This specification provides a set of definitions for use in other specifications that need to refer to the information in an XML document.
This section describes the status of this document at the time of its publication. Other documents may supersede this document. The latest status of this document series is maintained at the W3C.
This document is a W3C Proposed Recommendation. Several specifications at W3C already use the definitions contained in this document. Therefore the XML Core WG considers that this specification has been "implemented" successfully. Because the purpose of this document is to provide definitions for use in other specifications, implementation of this specification consists primarily of its use in those specifications.
This document enters a Proposed Recommendation review period. W3C Advisory Committee Members are invited to send formal review comments until 10 September 2001 to firstname.lastname@example.org, visible only to the W3C Team.
The public is invited to send comments on this document to the public mailing list email@example.com. An archive is available at http://lists.w3.org/Archives/Public/www-xml-infoset-comments/.
After the review, the Director will announce the document's disposition: it may become a W3C Recommendation (possibly with minor changes). This announcement should not be expected sooner than 14 days after the end of the review.
This document has been produced as part of the XML Activity by the XML Core Working Group (members only). See the XML Information Set Requirements for the specific requirements that informed development of this specification.
Publication as a Proposed Recommendation does not imply endorsement by the W3C membership. This is still a draft document and may be updated, replaced or obsoleted by other documents at any time. It is inappropriate to cite W3C Proposed Recommendations as other than "work in progress." A list of current W3C Recommendations and other technical documents can be found at http://www.w3.org/TR/.
2. Information Items
2.1 The Document Information Item
2.2 Element Information Items
2.3 Attribute Information Items
2.4 Processing Instruction Information Items
2.5 Unexpanded Entity Reference Information Items
2.6 Character Information Items
2.7 Comment Information Items
2.8 The Document Type Declaration Information Item
2.9 Unparsed Entity Information Items
2.10 Notation Information Items
2.11 Namespace Information Items
Appendix A: References
Appendix B: XML 1.0 Reporting Requirements (informative)
Appendix C: Example
Appendix D: What is not in the Information Set
Appendix E: RDF Schema (informative)
This specification defines an abstract data set called the XML Information Set (Infoset). Its purpose is to provide a consistent set of definitions for use in other specifications that need to refer to the information in a well-formed XML document [XML].

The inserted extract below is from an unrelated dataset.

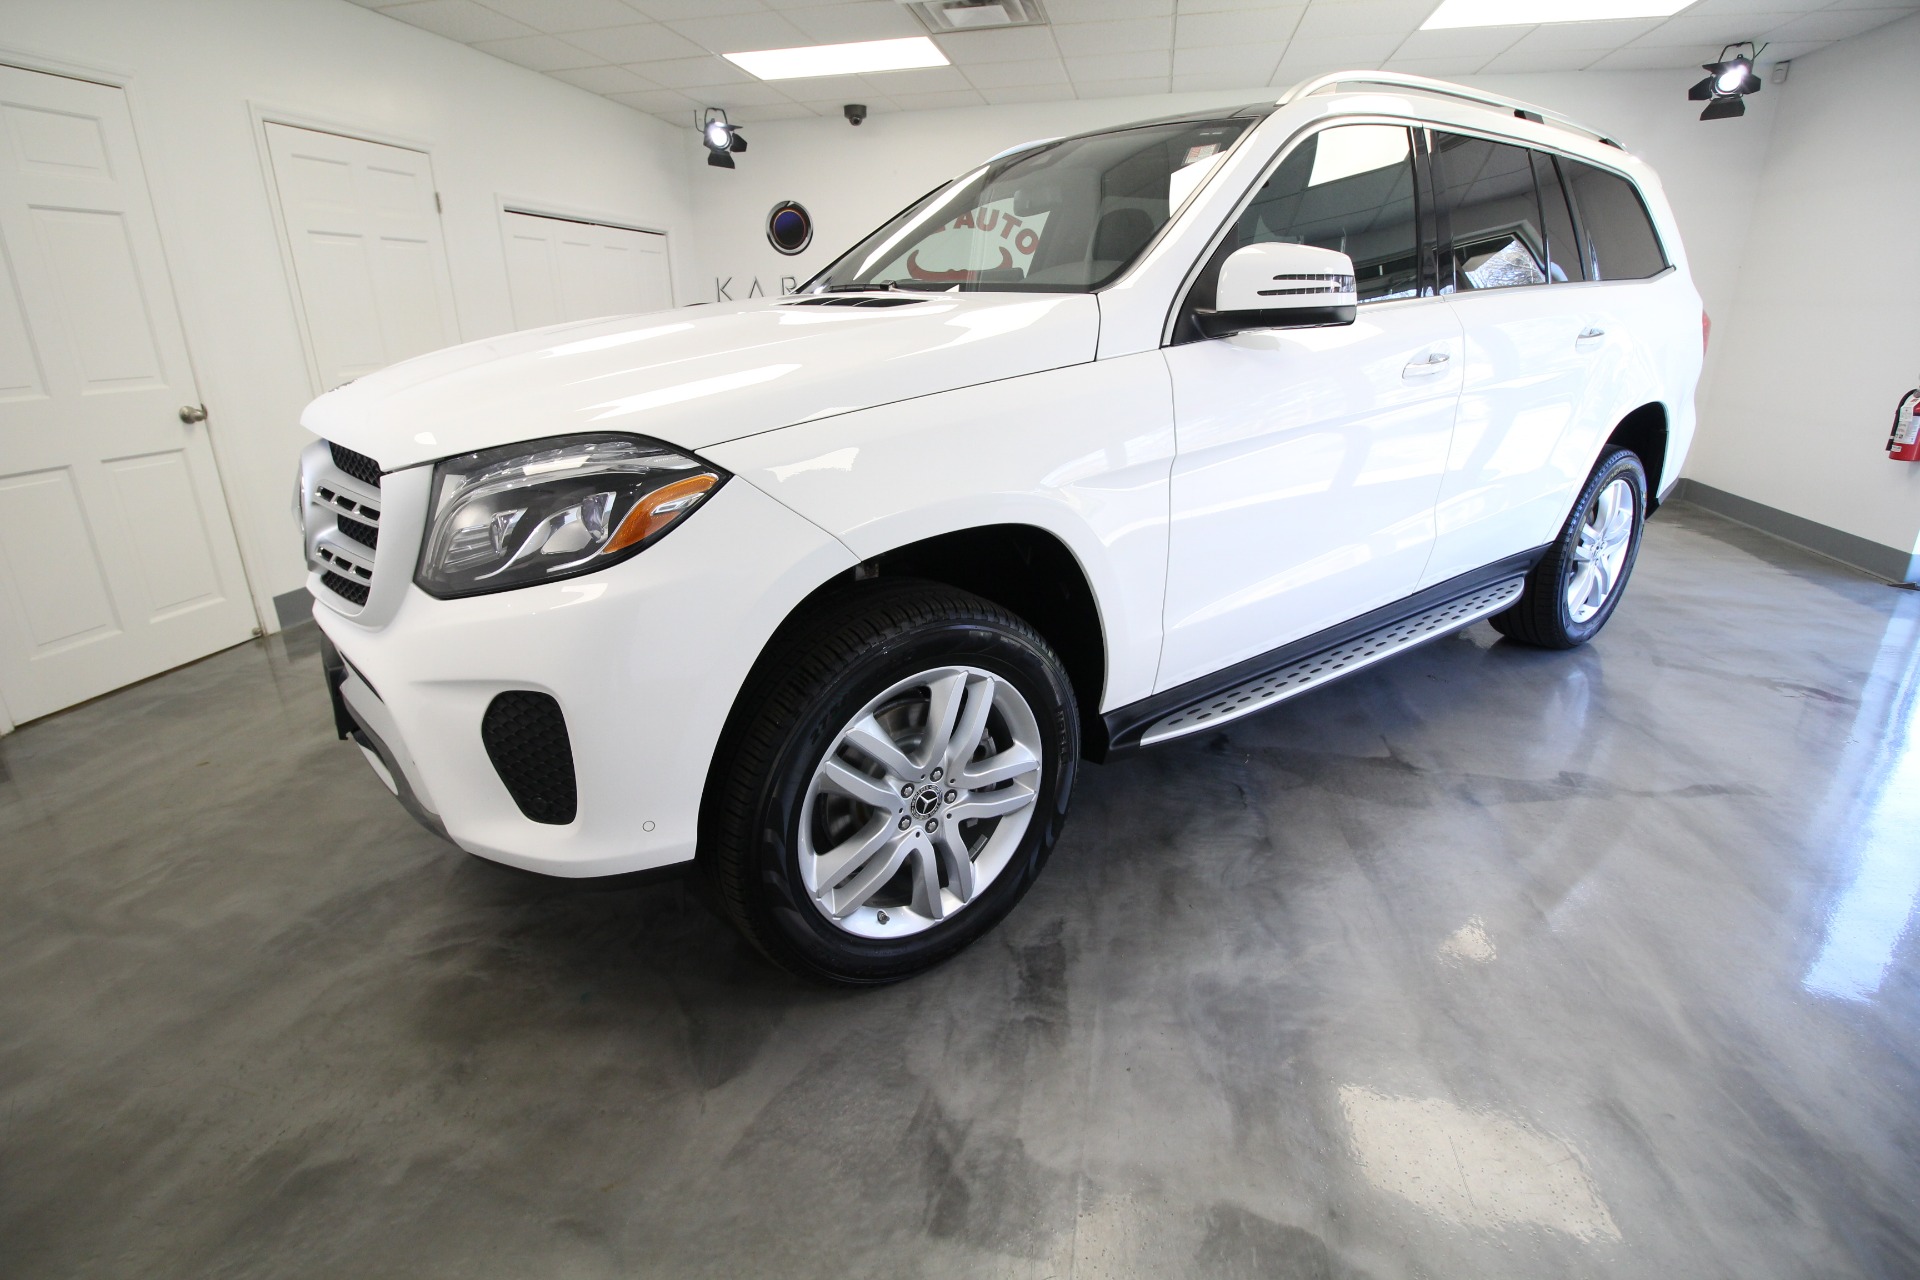 Used 2017 Polar White Mercedes-Benz GLS-Class GLS450 4MATIC LOADED GLS | Albany, NY

It does not attempt to be exhaustive; the primary criterion for inclusion of an information item or property has been that of expected usefulness in future specifications. Nor does it constitute a minimum set of information that must be returned by an XML processor.
An XML document has an information set if it is well-formed and satisfies the namespace constraints described below. There is no requirement for an XML document to be valid in order to have an information set.
Information sets may be created by methods (not described in this specification) other than parsing an XML document. See Synthetic Infosets below.
An XML document's information set consists of a number of information items; the information set for any well-formed XML document will contain at least a document information item and several others. An information item is an abstract description of some part of an XML document: each information item has a set of associated named properties. In this specification, the property names are shown in square brackets, [thus]. The types of information item are listed in section 2.
The XML Information Set does not require or favor a specific interface or class of interfaces. This specification presents the information set as a modified tree for the sake of clarity and simplicity, but there is no requirement that the XML Information Set be made available through a tree structure; other types of interfaces, including (but not limited to) event-based and query-based interfaces are also capable of providing information conforming to the XML Information Set.
The terms "information set" and "information item" are similar in meaning to the generic terms "tree" and "node", as they are used in computing. However, the latter terms were avoided in this specification to reduce possible confusion with other specific data models. Information items do not map one-to-one with the nodes of the DOM or the "tree" and "nodes" of the XPath data model.
In this specification, the words "must", "should", and "may" assume the meanings specified in [RFC2119], except that the words do not appear in uppercase.
XML 1.0 documents that do not conform to [Namespaces], though technically well-formed, are not considered to have meaningful information sets. That is, this specification does not define an information set for documents that have element or attribute names containing colons that are used in other ways than as prescribed by [Namespaces].
Furthermore, this specification does not define an information set for documents which use relative URI references in namespace declarations. This is in accordance with the decision of the W3C XML Plenary Interest Group described in [Relative Namespace URI References]. Thus the value of a [namespace name] property is always an absolute URI with an optional fragment identifier.
An information set describes its XML document with entity references already expanded, that is, represented by the information items corresponding to their replacement text. However, there are various circumstances in which a processor may not perform this expansion. An entity may not be declared, or may not be retrievable. A non-validating processor may choose not to read all declarations, and even if it does, may not expand all external entities. In these cases an unexpanded entity reference information item is used to represent the entity reference.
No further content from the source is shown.